Task to carry out — Without including any images, output the listing below exactly.
[Available data Boundary: Start]
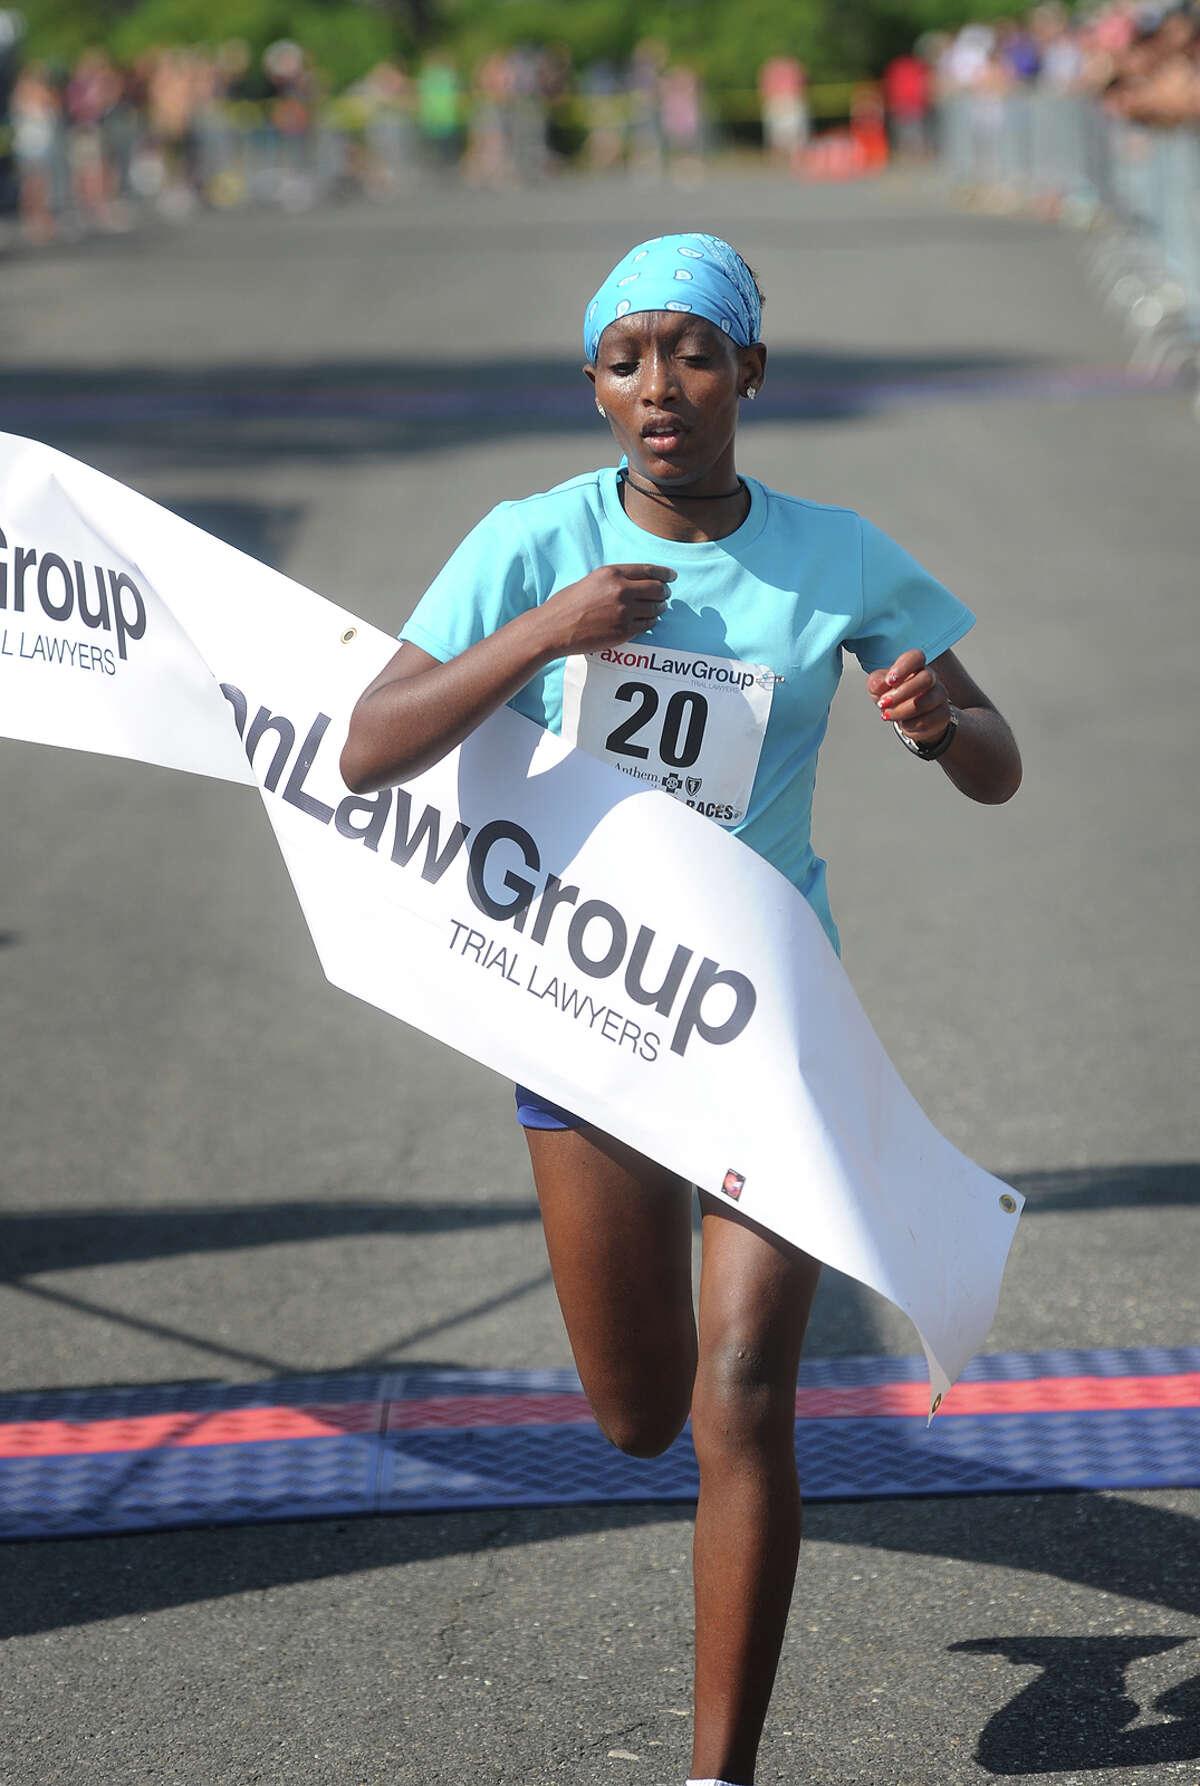 Ethiopian Sinke Biyadgilgn Dessie breaks the tape as the women's winner of the 2016 Faxon Law Fairfield Half Marathon in Fairfield, Conn. on Sunday, June 26, 2016.
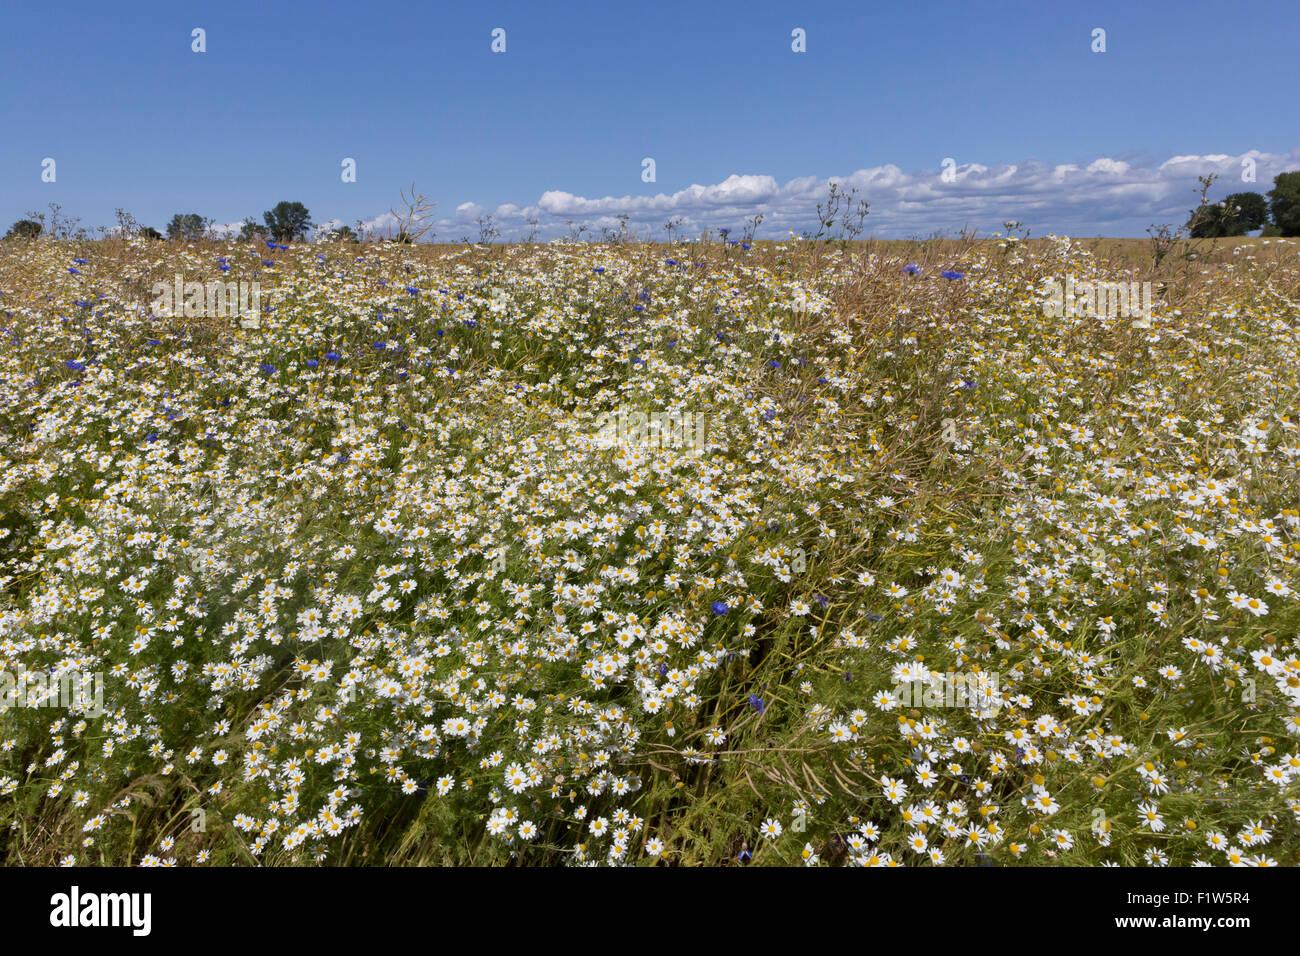 Wildflowers (Bellis perennis or Common Daisies) on the island of Aero, Denmark - Stock Image
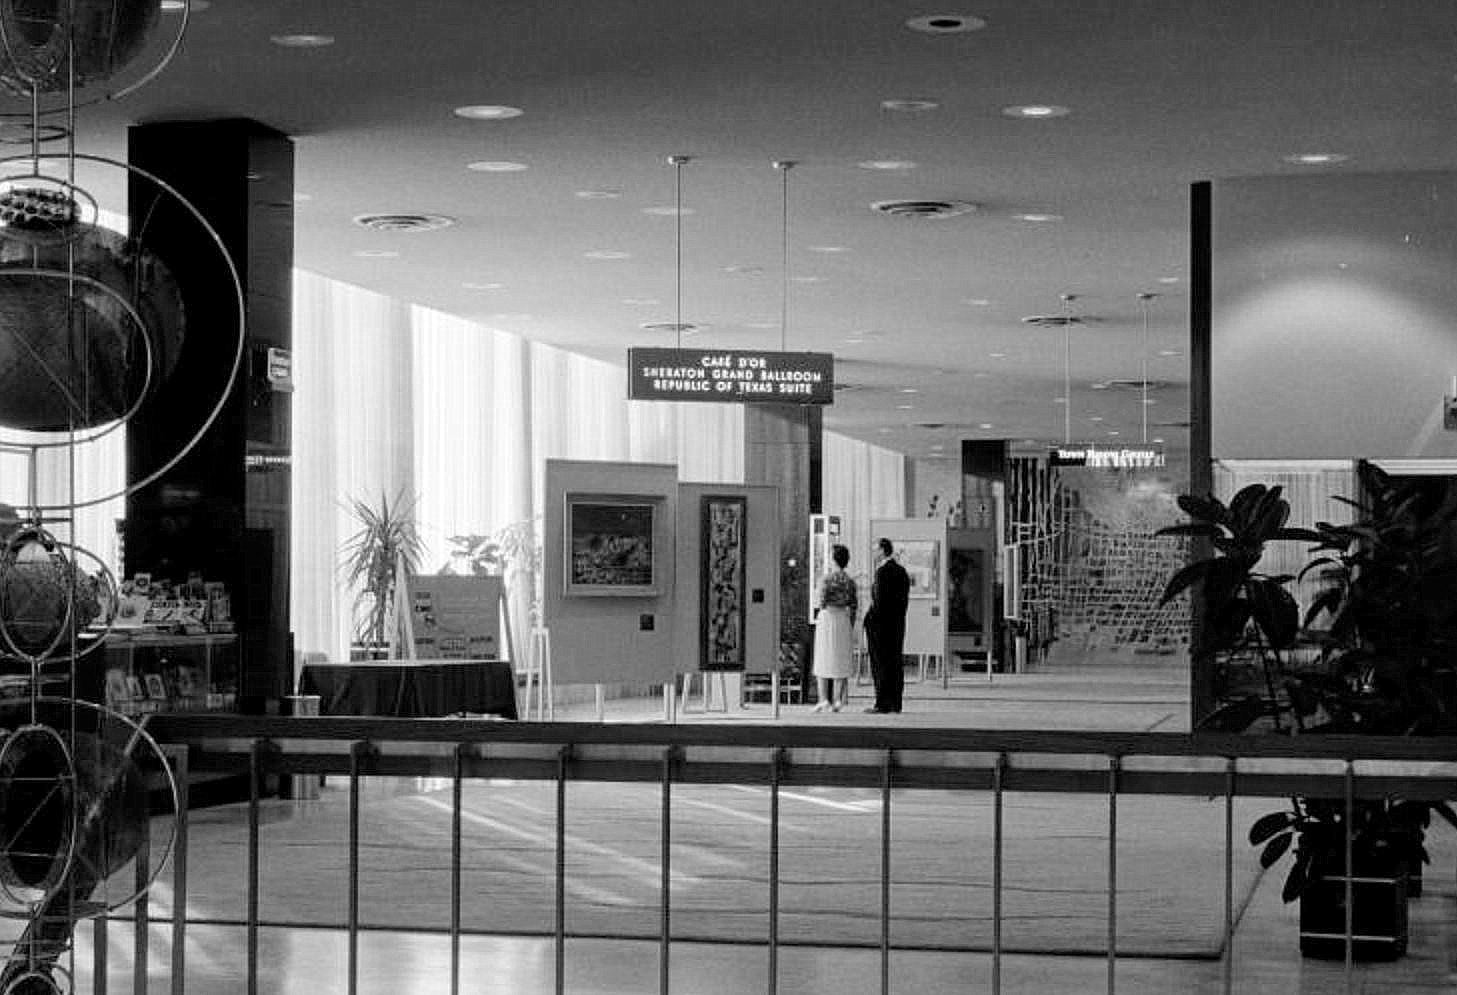 southland-ctr_john-rogers_1959-60_portal_stairs-escalators_kepes-det
[Available data Boundary: End]
Answer to the problem —
 Ethiopian Sinke Biyadgilgn Dessie breaks the tape as the women's winner of the 2016 Faxon Law Fairfield Half Marathon in Fairfield, Conn. on Sunday, June 26, 2016.
 Wildflowers (Bellis perennis or Common Daisies) on the island of Aero, Denmark - Stock Image
 southland-ctr_john-rogers_1959-60_portal_stairs-escalators_kepes-det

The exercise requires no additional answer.